In the eye of the beholder, but for me, I feel that it needs to be sensuous. The Spent Bullets are coated with luscious car paint colors or in one case with white gold leaf. For instance, one of them here has a Ford 2023 minty green.

My work is philosophical, and even the bullets have a philosophical point, one might say, of turning something horrible into something beautiful and physically retiring it from its deadly purpose.

Dove Bradshaw

One of these blown-up bullet sculptures is on every dining table chair where we sit–First, their shape.
They are curled. Because in the police firing range the way, the bullets explode is after piercing a paper target 60 feet away, they hit a metal sheet behind it and then ricochet onto another metal sheet. They slide into the sand, are retrieved, melted down, and reused as bullets. They’re not retired; they’re reused. They are only out of circulation is if they’re shot in action or the minute few I or others have collected. In my case, the Utopian gesture involves taking them out of circulation. In a wildly different context curling onto the backs of these 18th-Century Chinese chairs, I thought of it as a surrealist setting. A painter might see them as giant daubs of paint. 

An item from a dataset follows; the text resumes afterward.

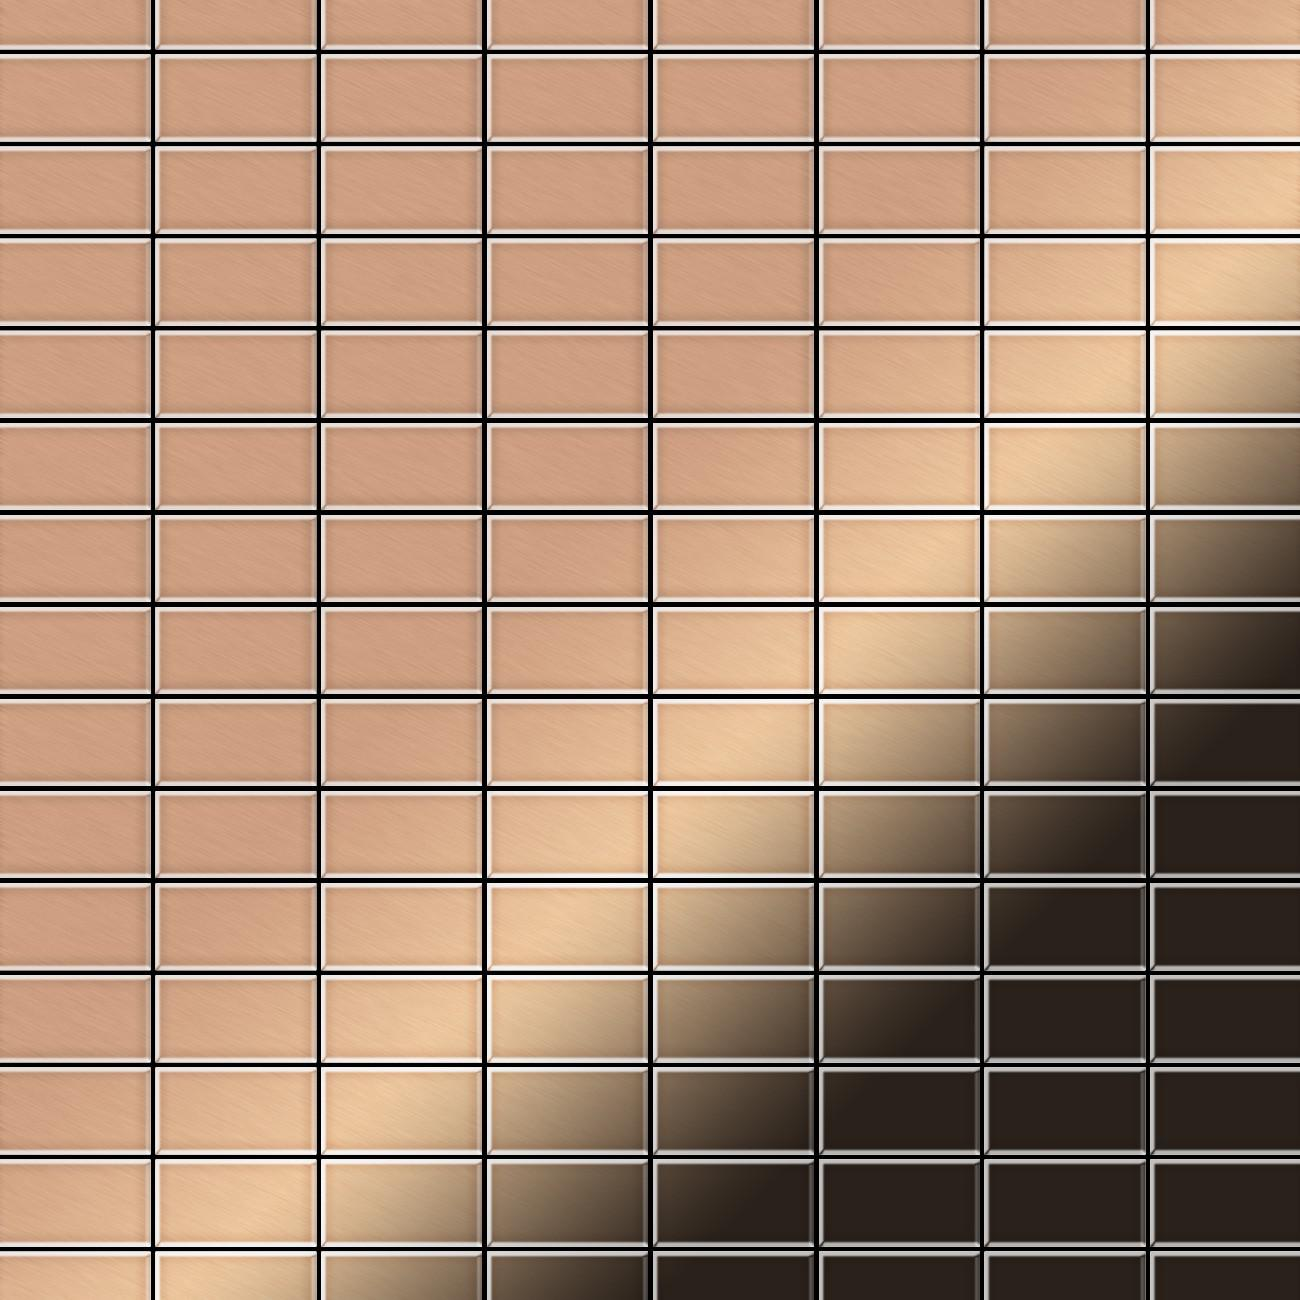 Mosaik fliese massiv metall kupfer gewalzt in kupfer 1 6mm stark alloy bauhaus cm 1 05 m2 - Mosaik fliesen bauhaus ...
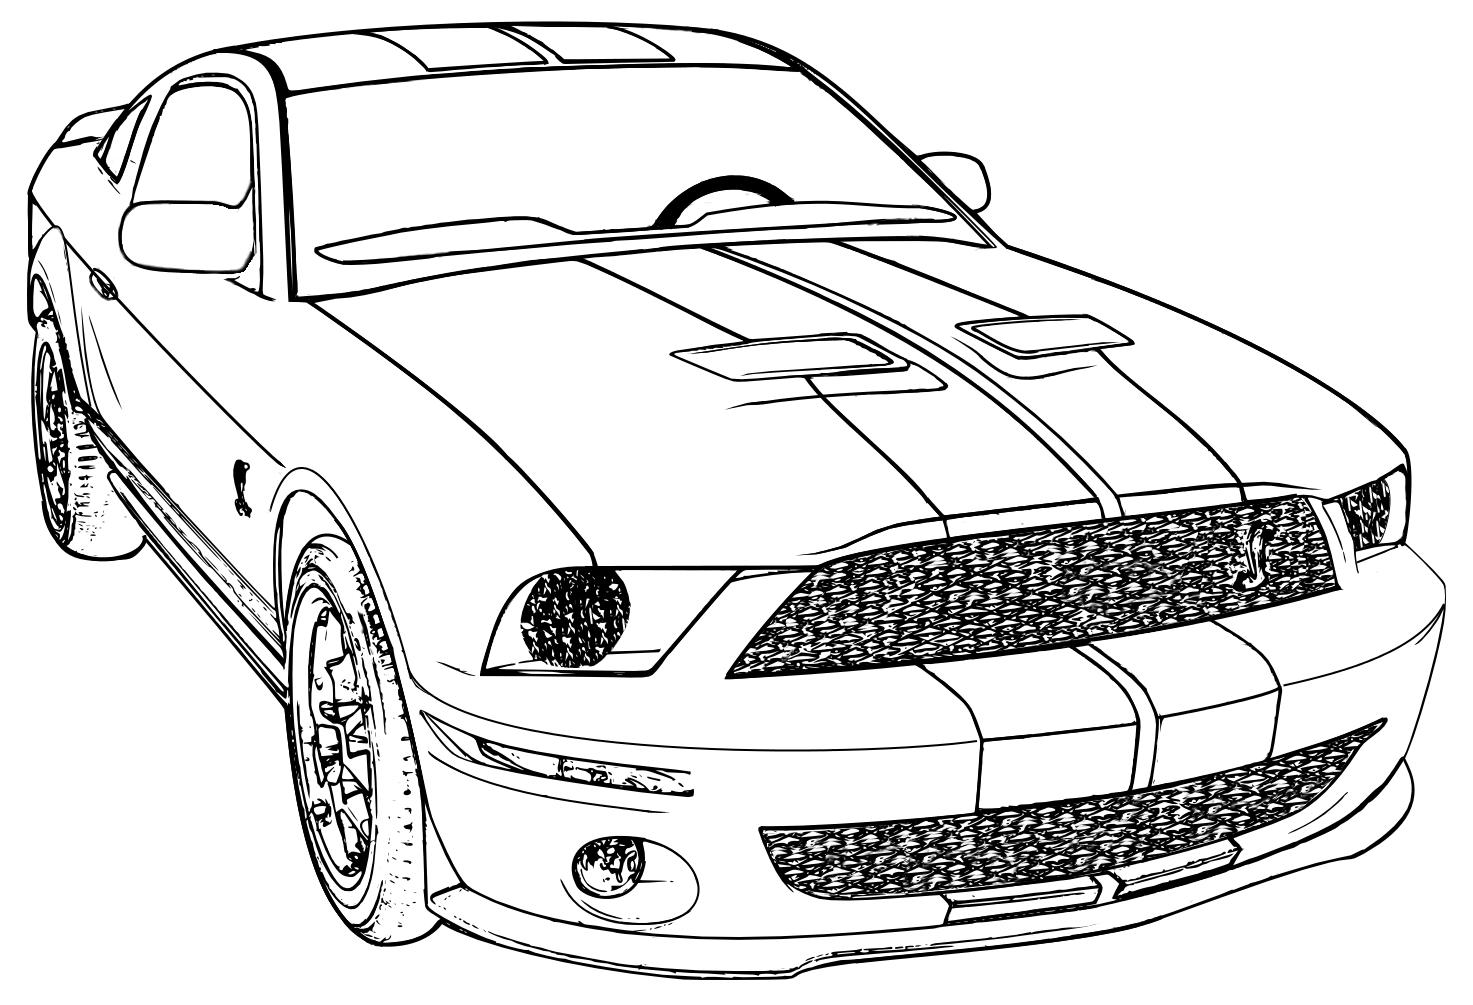 Gambar Boboiboy Menjadi 6 Auto Electrical Wiring Diagram

All placed on every chair around your wooden table!
I had them as our Phantom guests during the pandemic. Yeah, I have kept this indulgence since, and when anybody actually sits, we take them off. I will miss them tremendously because they’re going away for five months. Now I’ll always have to have them, or I’ll feel denuded.

They are sent to a country that has a complex relationship with violence, just as the United States does.
Javier Estevez, our Mexican art dealer and owner of Mascota Gallery in Mexico City, once said—whether this is true—that there are only two legal gun stores in all of Mexico. In the U.S., one can buy a gun in a hardware store, for instance, just 10 miles away from our country house in a tiny town with a winter population of 125 in the Endless Mountains of Pennsylvania. An ordinary hardware store in another tiny town!